In C there is no “string” type there’s just “pointer to char”

1 Like

Ah, now I understand the source of the confusion, more than ten years ago I have studied deeply the C99 standard and no other, however there are even older standards, of course. I just checked and my C99 Reference book says previous compilers did not allow struct and union attribution, so yes, it was not always possible.

You cannot do this with arrays (in C99, I’m not up to par with newer standards), but this has nothing to do with what is in the variable, local variable declared to be arrays are allocated in the stack and “popped up” after the function finishes, so technically, they contain the whole object inside themselves (not a pointer), it is just that attribution is not defined for them (will give an error). You can check they actually contain the whole object in themselves by the amount of C threads in forums that just boil down to “I returned a pointer from an array variable I had declared inside the function and outside the function it does not work (has other values, gives segfault, etc…).”

Strings in C are “always” char *, so they are always a pointer, and act accordingly (I mean, you can declare a string as an array of char, but then everything that deals with strings will only want the address of the first character and in the end it will be the same as having defined it as a pointer from the start).

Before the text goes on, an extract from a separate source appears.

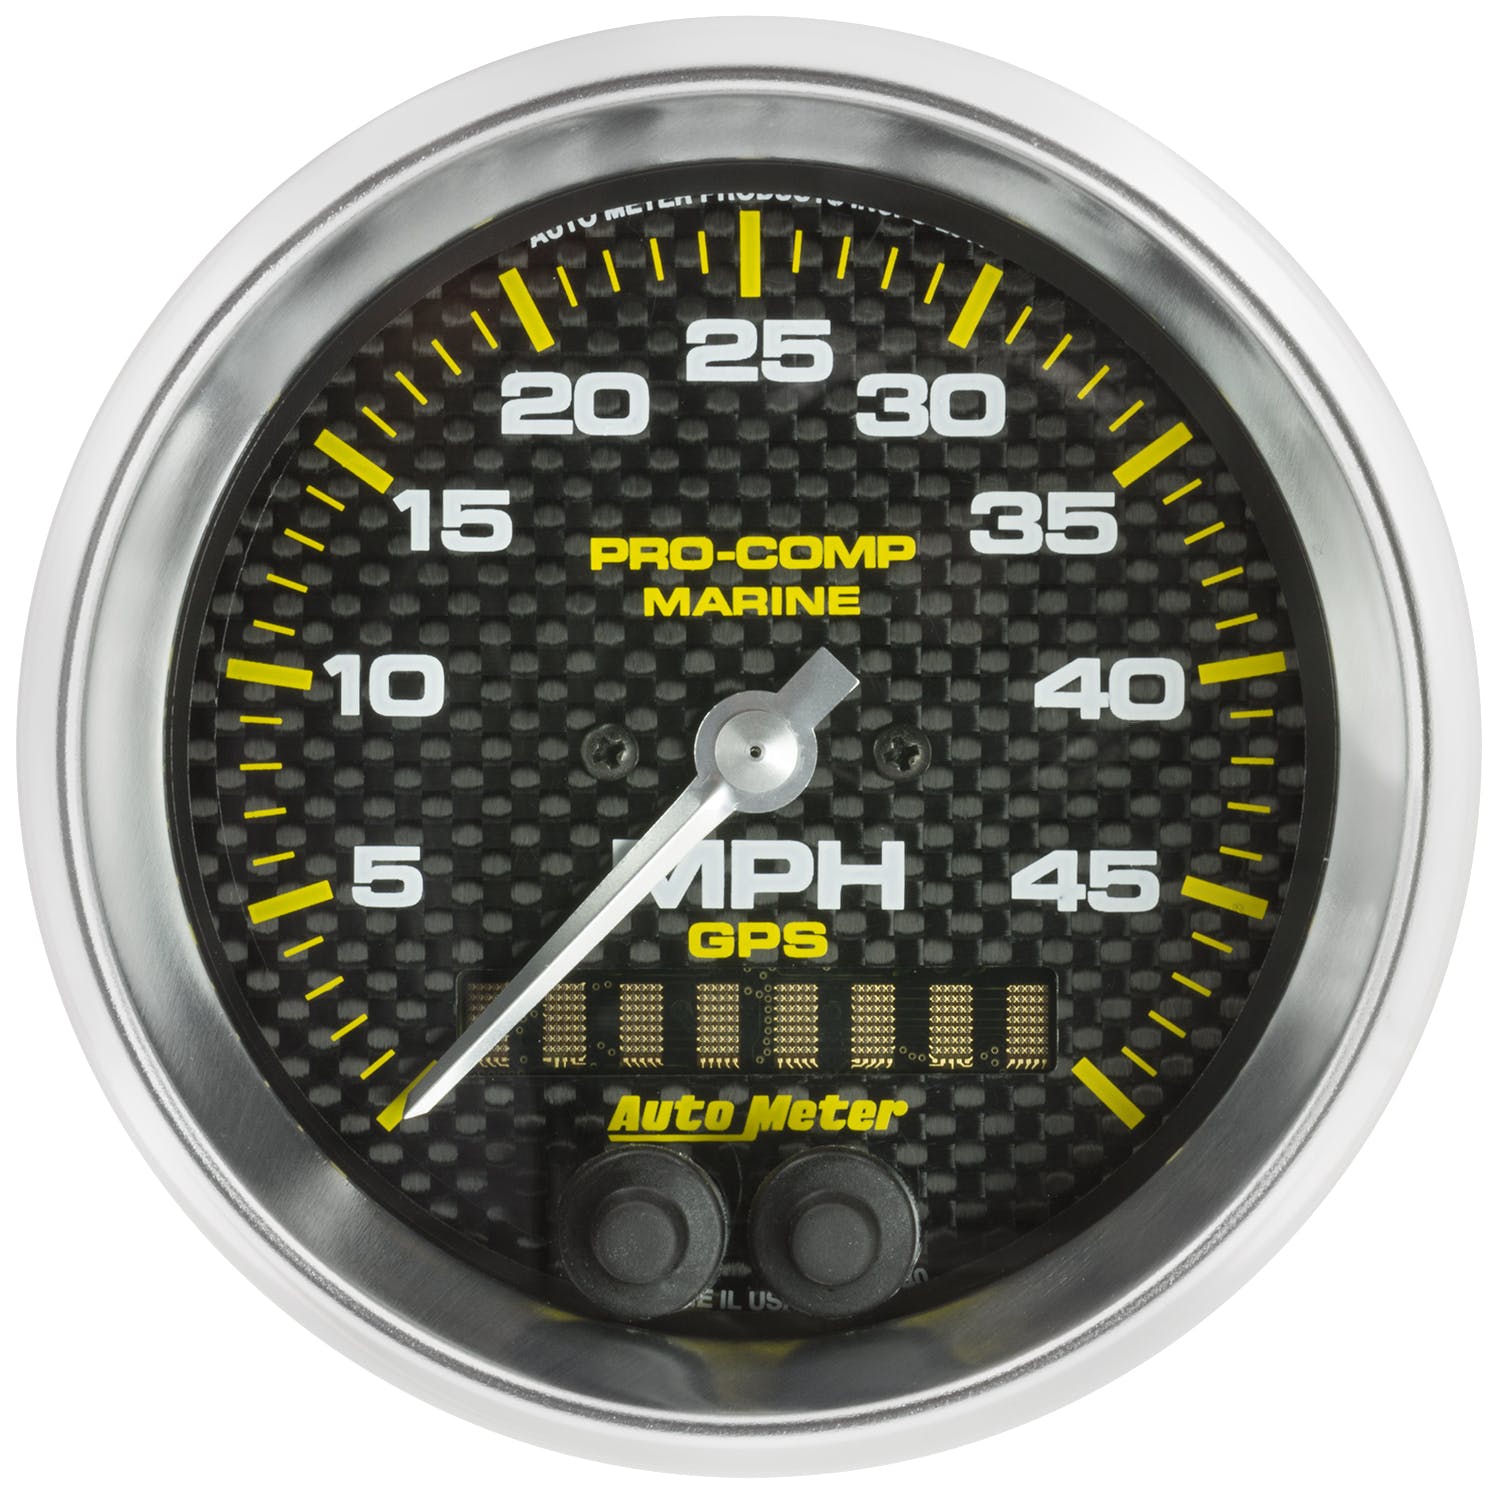 AutoMeter Products 200635-40 Speedometer Gauge 3 3/8, 50MPH, GPS, Marine Carbon Fiber
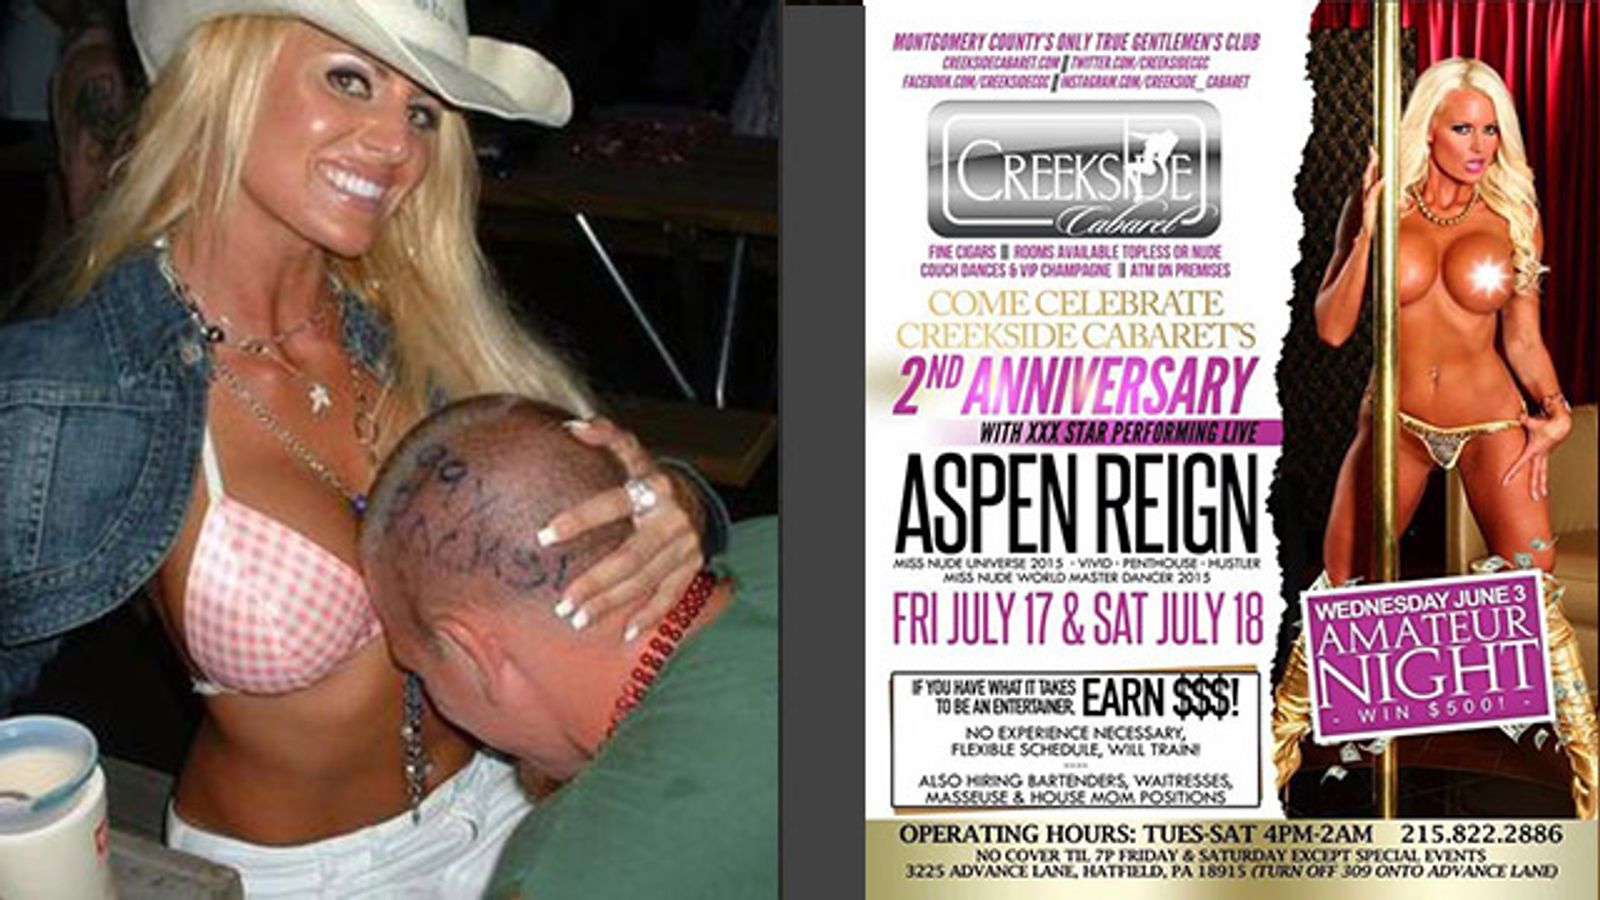 Aspen Reign to Headline at Creekside Cabaret in Hatfield, PA

Fascinating trying to recollect how things used to be. I learned C on the job starting in 1984. At that time, apparently, C compilers were generally allowing struct assignment with =, but it was not allowed according to the ‘bible’ (Kernighan & Ritchie’s The C Programming Language), which I studied. A detailed discussion of the history is at

https://stackoverflow.com/questions/17513736/what-does-it-mean-that-automatic-structures-and-arrays-may-now-also-be-initializ

and at

https://www.thecodingforums.com/threads/struct-assignment-historical-question.443010/

You also couldn’t pass structures by value when calling a function, according to K&R. An interesting quote from Larry Jones:

struct parameters, return values, and assignment were added to the Unix C compilers just about the time that K&R was actually published (the “Recent Changes to C” paper noting them is dated Nov. 15, 1978), leading to a great deal of frustration many years later when MS-DOS compilers appeared that implemented K&R exactly and thus didn’t support them.